The cardinality estimator (“CE”) was changed in SQL Server 2014.  New assumptions and logic were added based upon a modern workload (OLTP and Data Warehousing).  These new additions have shown, according to Microsoft, that most customers experience query performance enhancement, or at the least they remain the same; while a small amount of customers have seen regressions.

Microsoft doesn’t document much about the query optimizer, but their online documentation does explain some of what’s going on.  Their examples are shown in a “new” and “old” format of what happens now vs. what happened with the old estimator.

Microsoft has provided a couple ways to change the database configuration to enable the new cardinality estimator.  Trace Flags: 9481 and 2312 have been provided to disable/enable the new (2014) cardinality estimator.  You can apply these flags to an individual query using the OPTION (QUERYTRACEON  9481) statement.

SELECT * FROM Sales.SalesOrderDetail SOD
WHERE SOD.SalesOrderID = 3124
OPTION (QUERYTRACEON 9481); — use legacy CE

Alternatively, to set the entire database to use the new CE, you use the ALTER DATABASE statement.

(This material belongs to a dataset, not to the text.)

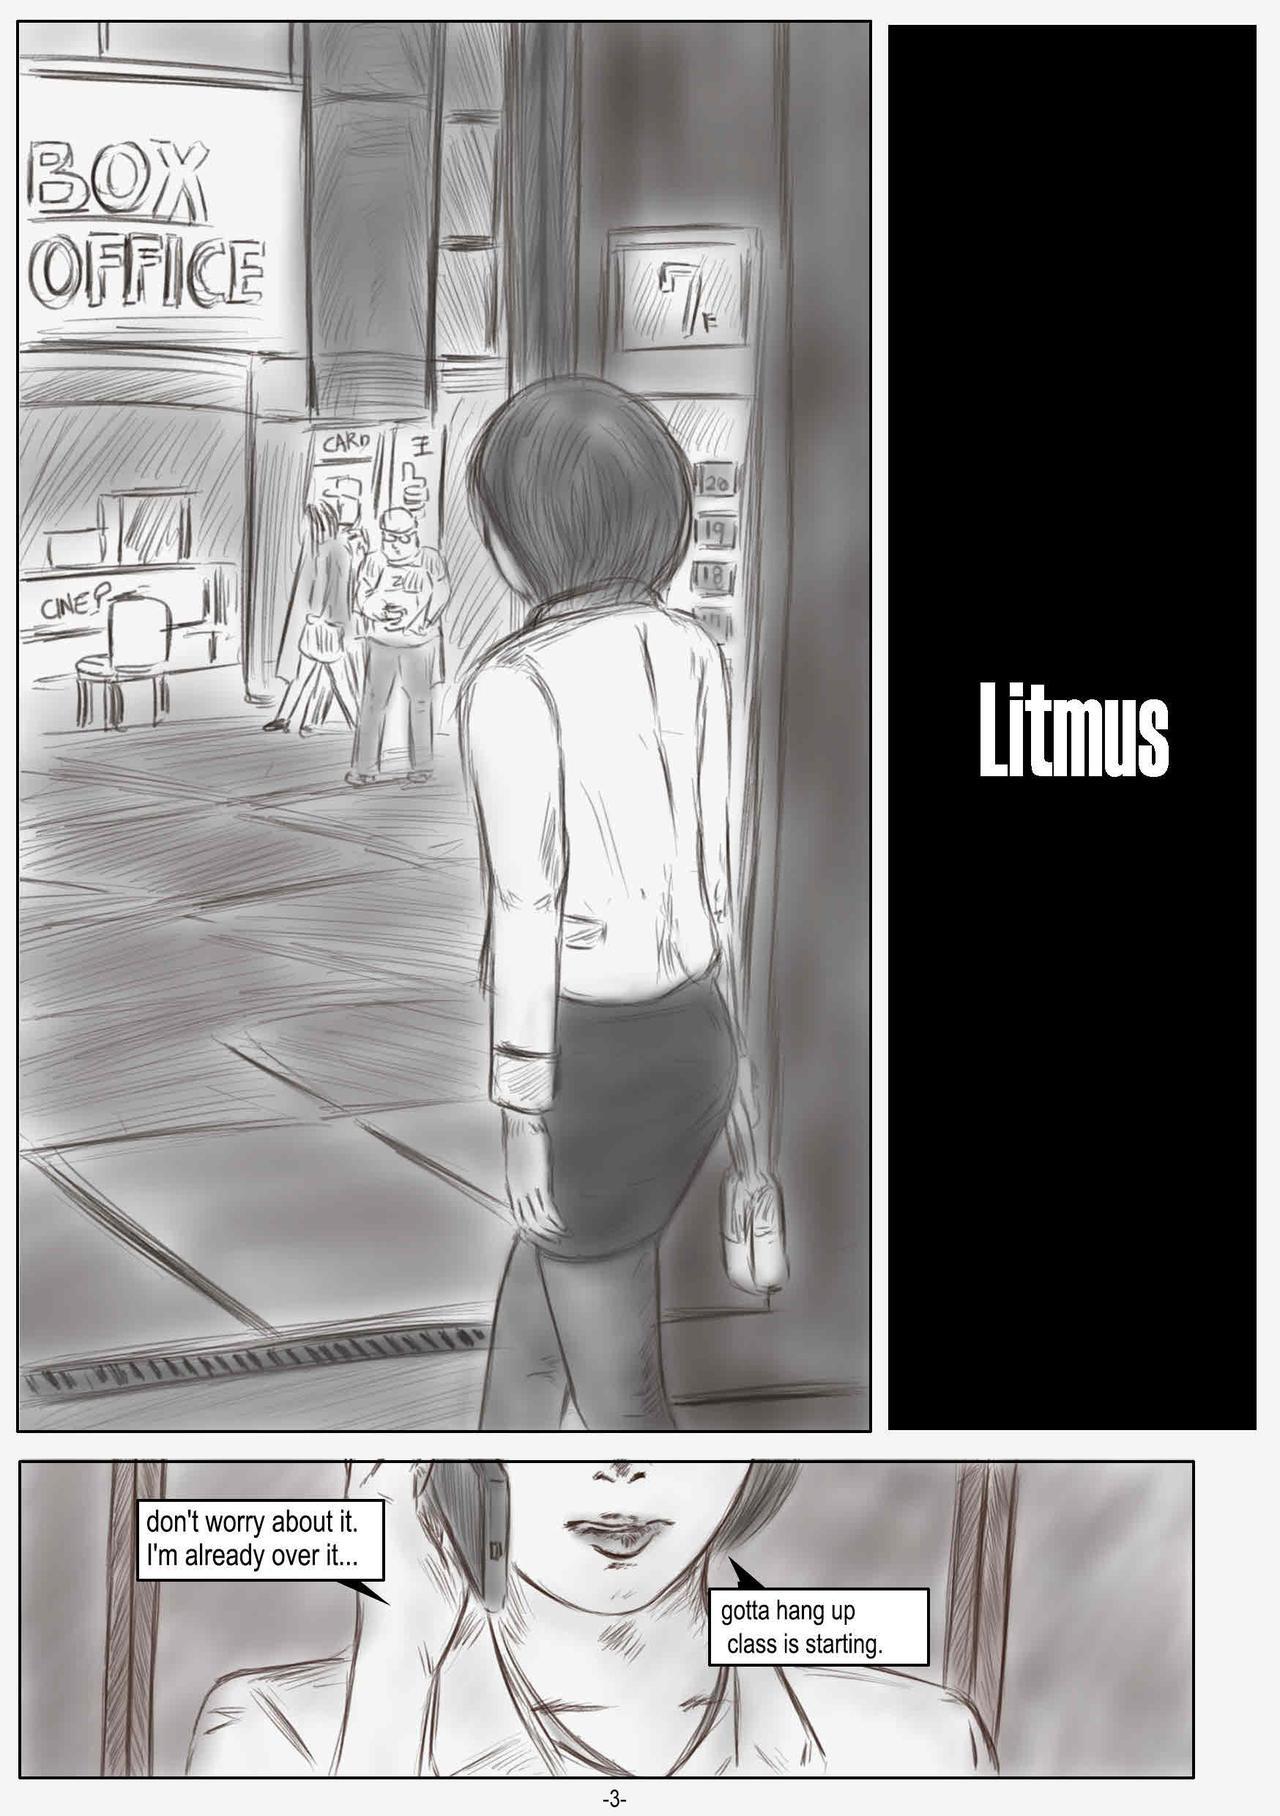 Litmus - Complete Edition 4

ALTER DATABASE <DATABASE_NAME> SET COMPATABILITY LEVEL = 120;

You could also used DBCC TRACEON with a -1 option to make it global, or use the –T option in the startup configuration.  This allows you to use the features of SQL Server 2014, while keeping the legacy CE.

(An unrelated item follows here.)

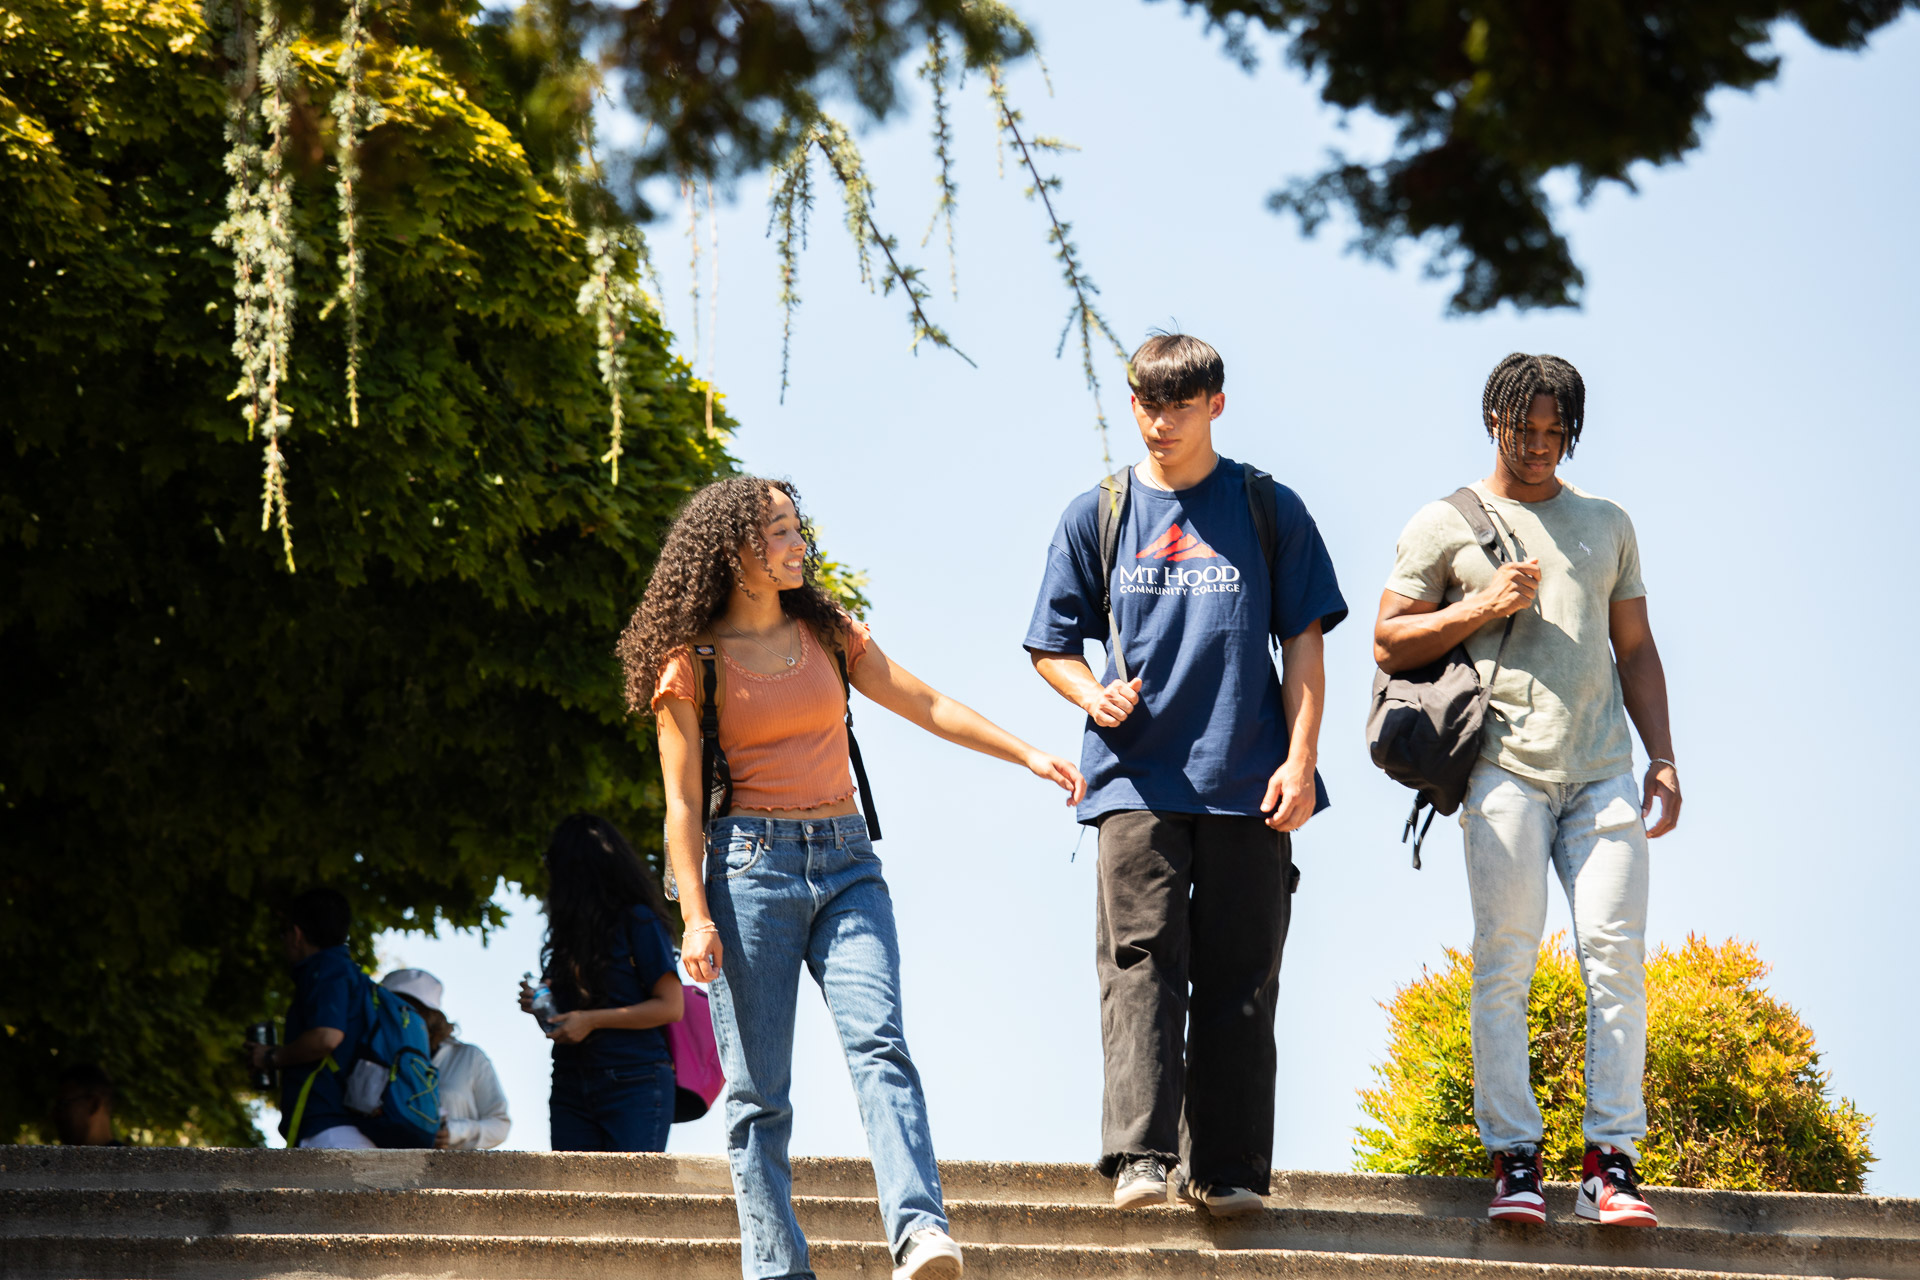 Students walking around on campus

So getting back to what changes have actually been made, Microsoft examples show us the following:

  1. Ascending Key Issue: where statistics may not contain a specific value since they were last updated.  For instance, data being inserted on a daily basis, but the statisitics may not have been updated to reflect the latest data.  A Where predicate based upon a date for instance where the predicate contains a date later than what is reflected in the current statistics.
  2. Correlation between filtered predicates on the same table: in a query where you “AND” columns in the WHERE predicate that contain a correlation – such as City and ZipCode, the old CE would not draw a correlation between the two.  The new CE makes an assumption that there is a correlation between the two columns and uses a different algorithm to estimate the data distribution.
  3. Filtered predicates on different tables: rather than making the assumption that filtered columns from different tables “AND’ed” together are correlated, the new CE assumes they are not correlated.  This is based on the modern workloads tested.

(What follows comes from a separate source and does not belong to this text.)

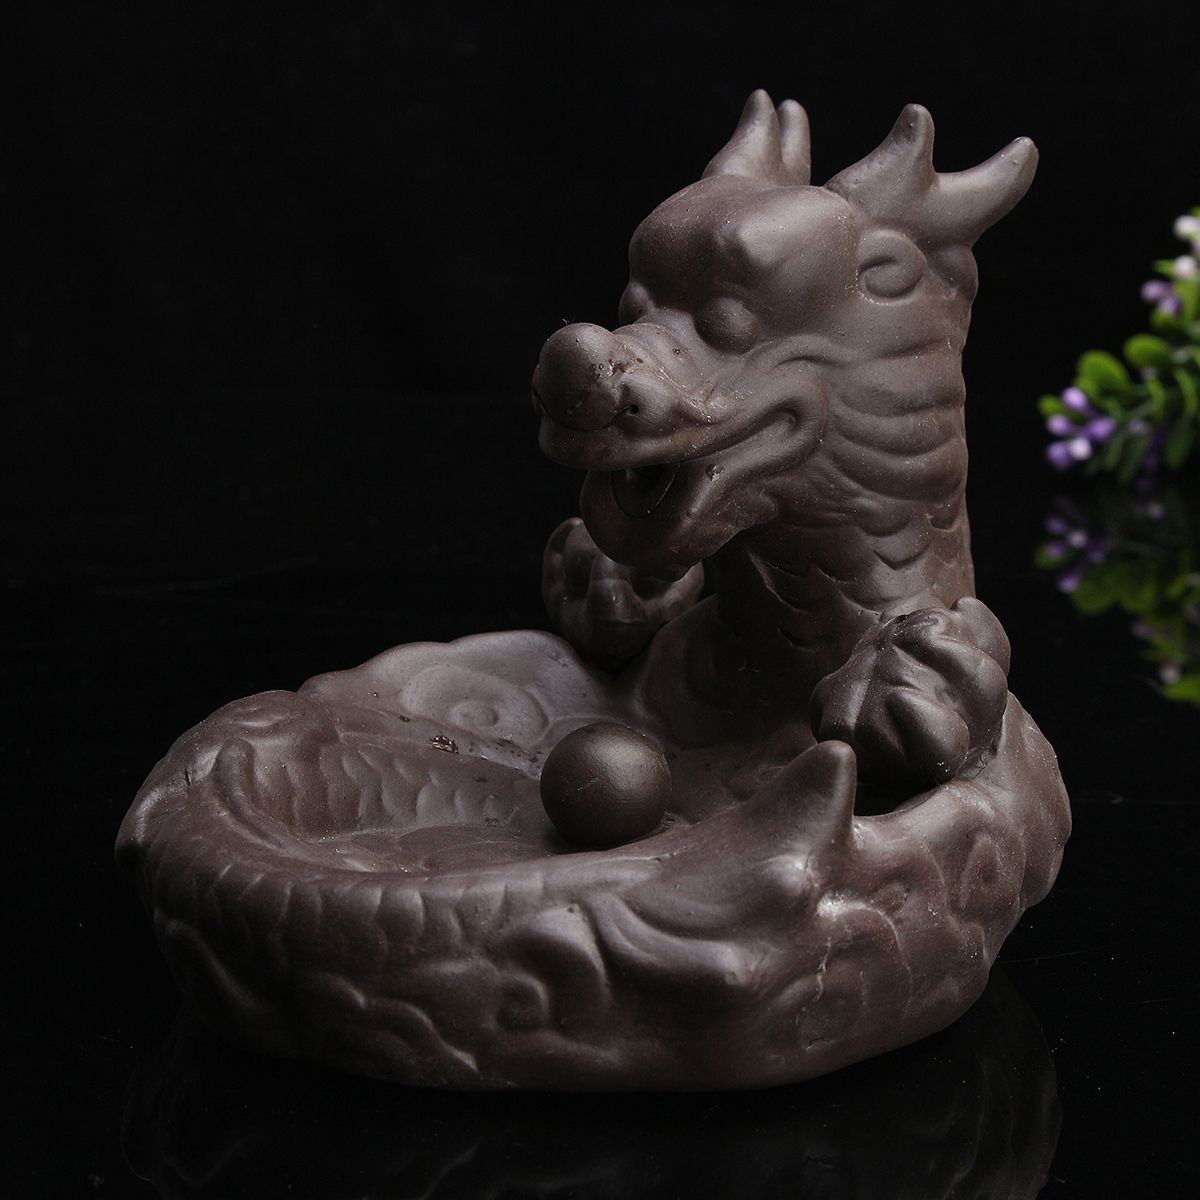 Dragon-Fish-Backflow-Tower-Burner-Holder-Ceramic-With-10Pcs-Cone-Incense-Decor-1304897

Prior to migrating older databases (pre-2014) to the new CE in a production system, Microsoft suggests testing the database against the new CE.  This can be done in a testing environment using the two methods I mentioned earlier in this blog – Alter Database and Trace Flags.  This allows you to identify any potential regressions on a test box, and fix them prior to a production migration.  Any databases migrated from an older version to a 2014 instance will retain the legacy CE by default.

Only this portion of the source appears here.